The Redress Panel will rely on any information you provide. A report from your current counsellor or treating psychologist/psychiatrist may well be sufficient. If you do not currently receive any counselling or psychological care, you may wish to include a report from your GP or you may wish to obtain an independent assessment, but only if you feel comfortable doing so. The offer of support for counselling and psychological care needs will not be adversely affected if you chose not to obtain an independent assessment.

We take your right to privacy very seriously and we have systems and processes in place to ensure that any personal details and information you provide is retained in a secure manner. The YMCA and the Redress Panel are subject to legislative requirements regarding the collection, storage and use of personal information. Please refer to our Privacy Policy.

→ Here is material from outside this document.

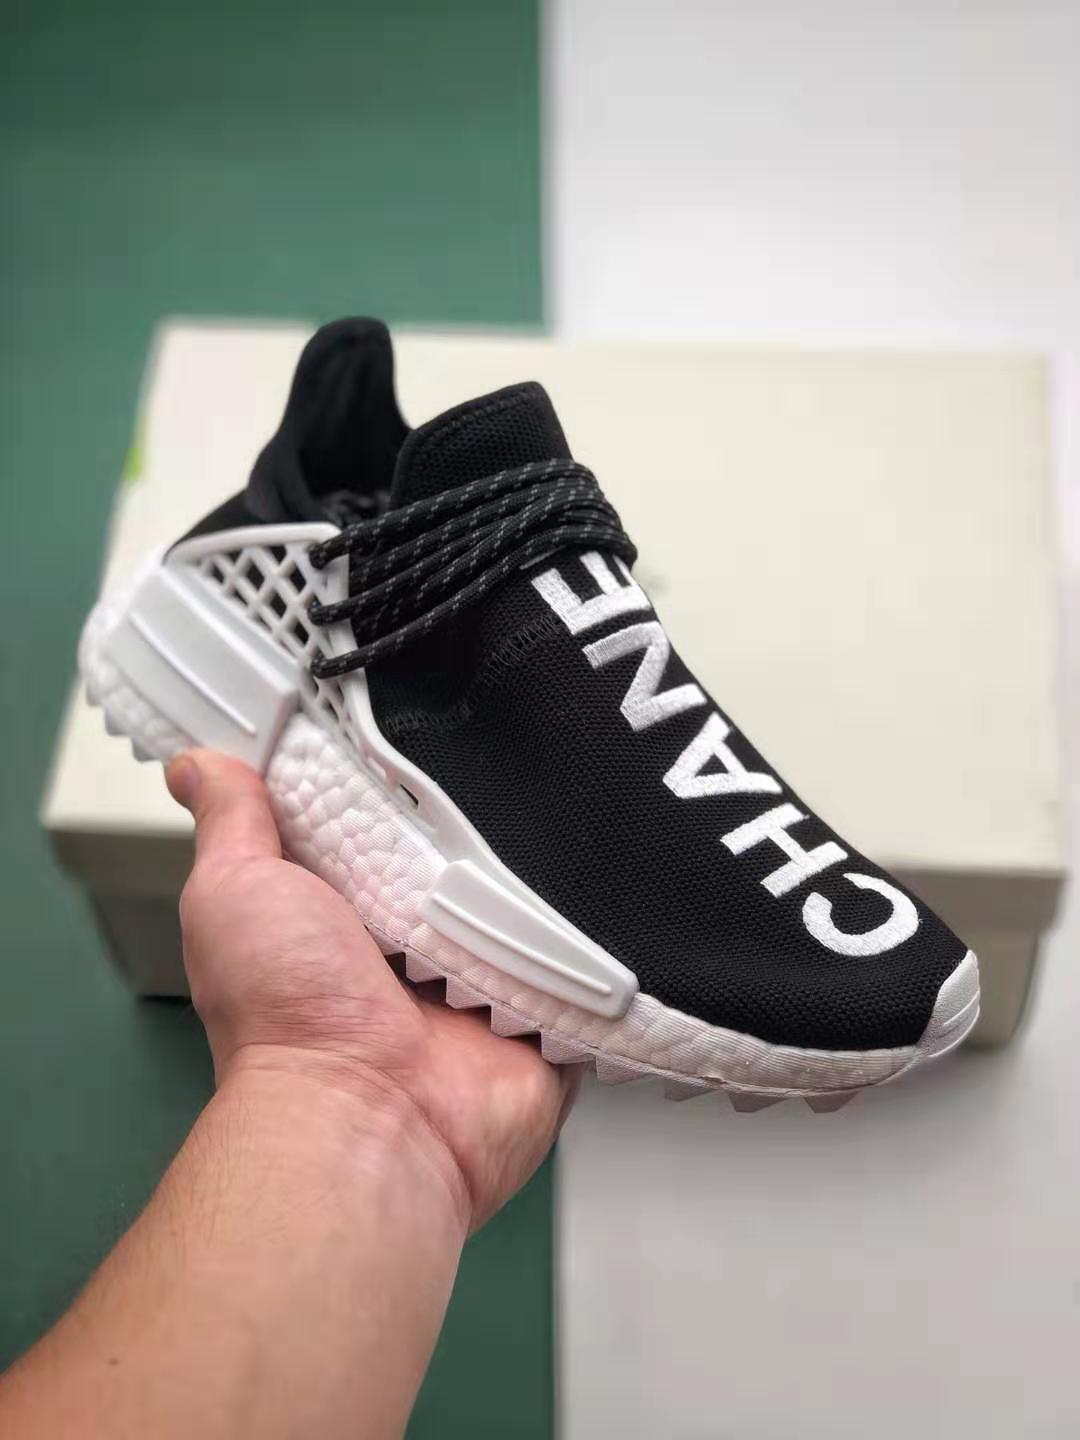 Adidas Pharrell x NMD Human Race Trail 'Equality' AC7033: Stylish and Comfortable Sneakers for All

Yes, you can apply for redress at the same time as pursuing a civil claim. The Redress Panel will not be involved in any way in the litigation process. If you receive financial compensation or a financial settlement as a result of litigation, then an offer of monetary payment or financial assistance for counselling through YMCA Redress will not be made.

If you still wish to receive a direct personal response from the YMCA, you will be able to request this.

By accepting an offer of redress from the YMCA, your common law right to bring civil action against the YMCA remains open to you.

If you have already received financial compensation or a financial settlement from the YMCA as a result of litigation, you will not be eligible to receive a monetary payment or financial support for counselling and psychological care through redress.

If you still wish to receive a direct personal response from the YMCA, you will be able to request this.

We have heard from survivors and their advocates that it is important for organisations and institutions to take responsibility for the abuse that has occurred and this is the primary reason for YMCA representatives to be involved. The YMCA wants to understand the impact of child sexual abuse for survivors and their families and to learn from past failings.

The independent members of the Redress Panel are in the majority and the independent Chair of the Panel has the authority to make the final determination on any offer that may be made to survivors.

If you are applying for redress, there is not a requirement that you meet with any one from the YMCA if you do not wish to do so.

The Royal Commission has recommended that organisations providing redress should consider lower payment levels than what they have recommended for a government-run scheme. This is because survivors can go on to also access a government-run scheme when it is established. Also, many of the Royal Commission's recommendations are based on institutions that provided residential care, whereas the YMCA has not provided residential care to children.

Redress through the YMCA in Australia is only for people who were sexually abused as a child. However, if you experienced physical or emotional abuse as well as sexual abuse, this will be taken into account.

If you have experienced physical or verbal abuse at a YMCA,  we encourage you to contact that YMCA in order to lodge a complaint.

If a government redress scheme is established by either the Commonwealth government or State and Territory governments, the YMCA Redress will be likely to transition into those schemes. We will need to wait until the detail of any future scheme is released.

The YMCA commits to ensuring a child safe organisation.  We are committed to creating an environment for children and young people to be safe and to feel safe through our Safeguarding Children and Young People policy.

The YMCA has a National Safeguarding Children and Young People Policy and all our YMCAs across Australia must comply with this policy. This means that all our staff undergo child protection training when they start work with us, and they undergo a National Criminal History Check and must have a valid Working With Children Card (or equivalent). This policy applies to everyone in the YMCA, from lifeguards to childcare workers, CEOs and Board Directors. The YMCA also partners with the Australian Childhood Foundation to provide ongoing training and professional development as well as the Australian Childhood Foundation's Safeguarding Accreditation Program.